To internalize any linked external (shared) lookup table file into internal lookup table, right-clicking such external (shared) lookup table items in the Outline pane and select Internalize connection from the context menu.
After that, the following wizard opens which allows you to internalize metadata assigned to the lookup table and/or its DB connection (in the case of Database lookup table). The internalization of metadata or datatabase connection is optional, the internal lookup table can work with external metadata or database connection.
Click OK.
After that, the selected linked external (shared) lookup table items disappear from the Outline pane Lookups group, but at the same location, newly created internal lookup table items appear. If you have also decided to internalize the linked external (shared) metadata assigned to the lookup table, their item is converted to internal metadata item which can be seen in the Metadata group of the Outline pane.
However, the original external (shared) lookup table file still remains to exist in the lookup
subdirectory.
You can see it in this folder in the Project Explorer pane.
Internalizing Multiple Lookup Tables at once
You can even internalize multiple linked external (shared) lookup table files at once. To do this, select the desired linked external (shared) lookup table items in the Outline pane. After that, you only need to repeat the process described above for each selected lookup table. You can select adjacent items when you press Shift and press the Down Cursor or the Up Cursor key. If you want to select non-adjacent items, use Ctrl+Click at each of the desired items instead.
Types of Lookup Tables
After opening the New lookup table wizard, you need to select the desired lookup table type.
Lookup Table | Whole Table in Memory | Allows Duplicated Key Values |
---|---|---|
Yes |
Yes |
|
No |
Yes |
|
Yes |
No, but intervals may overlap |
|
No |
Yes |
|
Yes |
Yes |
Simple Lookup Table
All data records stored in simple lookup table are kept in memory. For this reason, to store all data records from the lookup table, sufficient memory must be available.
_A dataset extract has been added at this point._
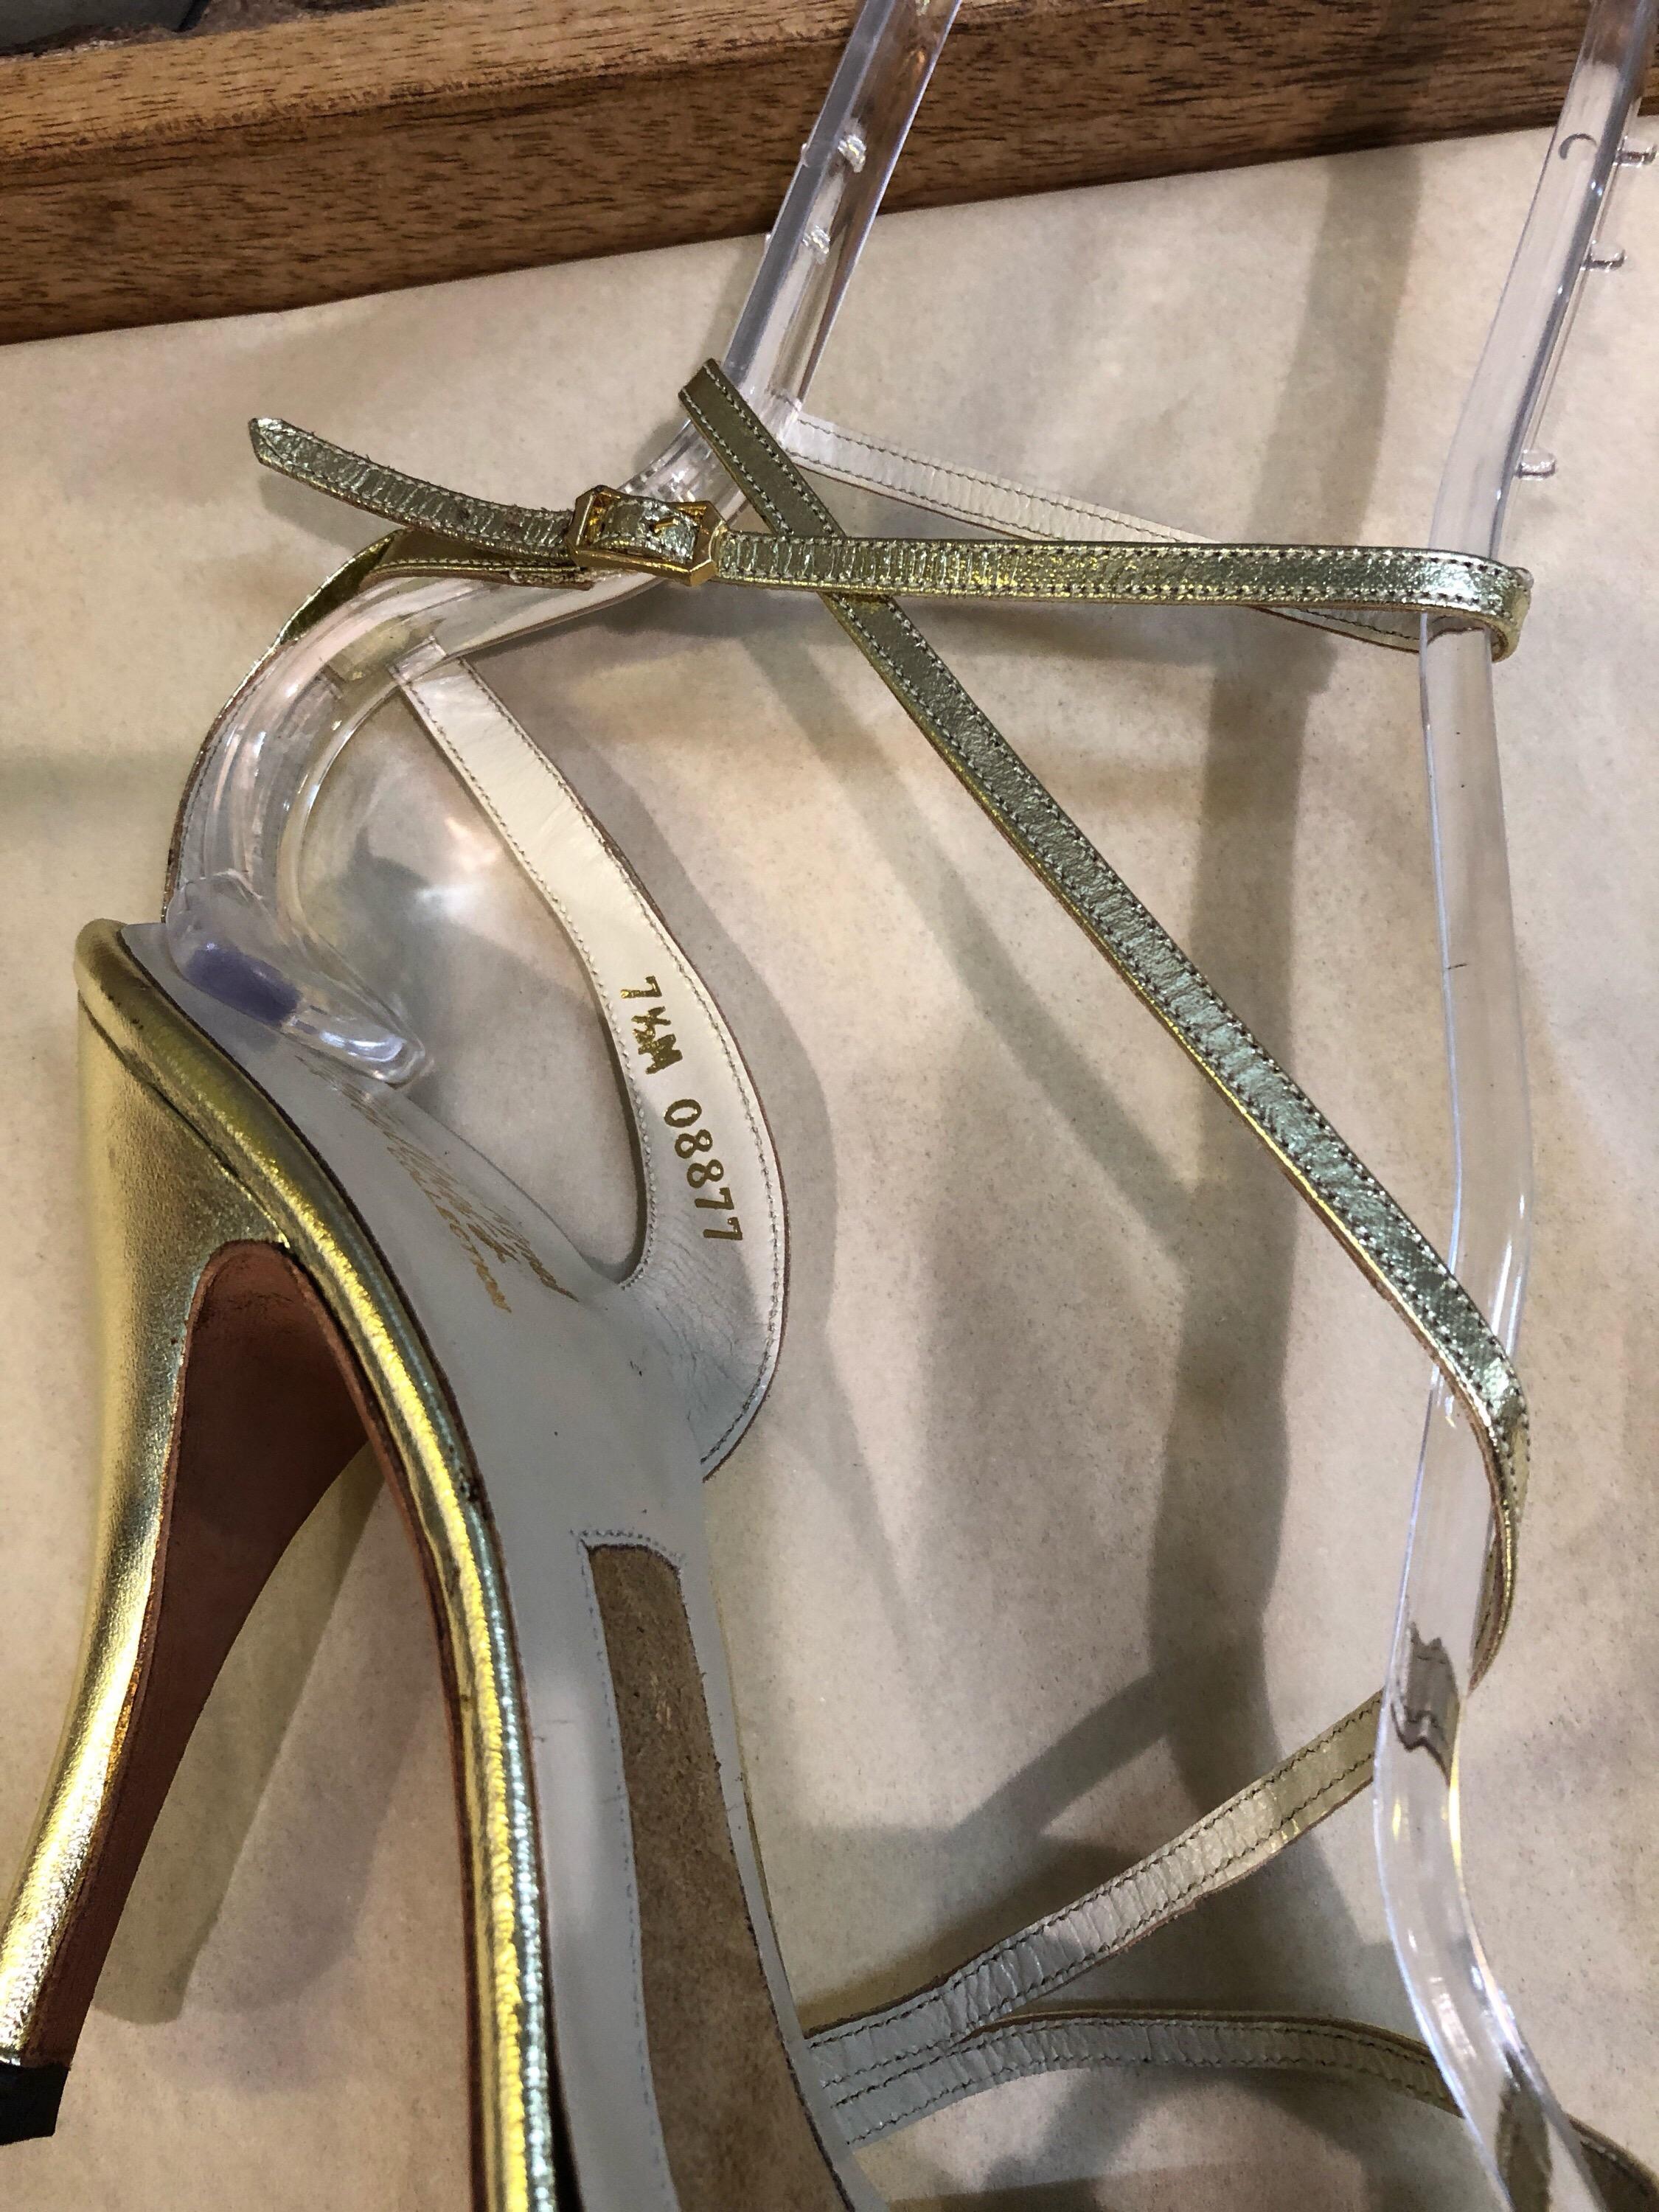 New 1970s Connie Smith Bullocks Wilshire Size 7.5 Gold Metallic Strappy Heels For Sale 2

If data records are loaded to a simple lookup table from a data file, the size of the available memory should be approximately at least 6 times bigger than that of the data file. However, this multiplier is different for different types of data records stored in the data file.
Simple lookup table allows storing multiple data records with the same key value. If you do not allow storing duplicated values, the last value will be stored.
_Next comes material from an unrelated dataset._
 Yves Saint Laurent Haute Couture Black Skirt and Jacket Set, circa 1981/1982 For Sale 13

Creating Simple Lookup Table
In the first step of the wizard, choose Simple lookup.
In the next step, set up the required properties: in the Table definition tab, give a Name to the lookup table, select the corresponding Metadata and the Key that should be used to look up data records from the table.
Optionally, you can select a Charset and the Initial size of the lookup table (512 by default). You can change the default value by changing the Lookup.LOOKUP_INITIAL_CAPACITY
value in defaultProperties
.
Key
After clicking the button on the right side from the Key area, you will be presented with the Edit key dialog which helps you select the Key. The list on the left side contains metadata fields and their data types. The list on the right side contains metadata fields that form the key.
To add a metadata field to the key, drag the field from the list on the left and drop it to the list on the right. Any highlighted metadata field can be added to the list with an arrow too.
You can move the field name(s) into the Key parts pane by highlighting the field name(s) in the Field pane and clicking the Right arrow button. You can keep moving more fields into the Key parts pane.
You can also change the position of any of them in the list of the Key parts by clicking the Up or Down buttons. The key parts that are higher in the list have higher priority. When you have finished, you only need to click OK.
You can also remove any key part by highlighting it and clicking the Left arrow button.
Data Source Tab
In the Data source tab, you can either locate the file URL or fill in the grid after clicking the Edit data button. After clicking OK, the data will appear in the Data text area. If you use LookupTableReaderWriter to fill in the table, you do not need to specify data on the Data source tab.
You can set or edit the data after clicking the Edit data button.
After that, click OK and then Finish.
Simple lookup table is allowed to contain data specified directly in the grid, data in the file or data that can be read using LookupTableReaderWriter.
Remember that you can also check the Allow key duplicates checkbox. This way, you are allowing multiple data records with the same key value (duplicate records). If you want to have only one record per each key value in Simple lookup table, leave the checkbox unchecked (the default setting). If only one record is selected, new records overwrite the older ones. In such a case, the last record is the only one that is included in Simple lookup table. |
Database Lookup Table
This type of lookup table works with databases and unloads data from them by using a SQL query.
Database lookup table reads data from the specified database table.
The key used to search records from this lookup table is the where fieldName = ? [and …]
part of the query.
Data records unloaded from the database can be cached in memory keeping the LRU order (the least recently used items are discarded first). To cache them, you must specify the number of such records (Max cached records).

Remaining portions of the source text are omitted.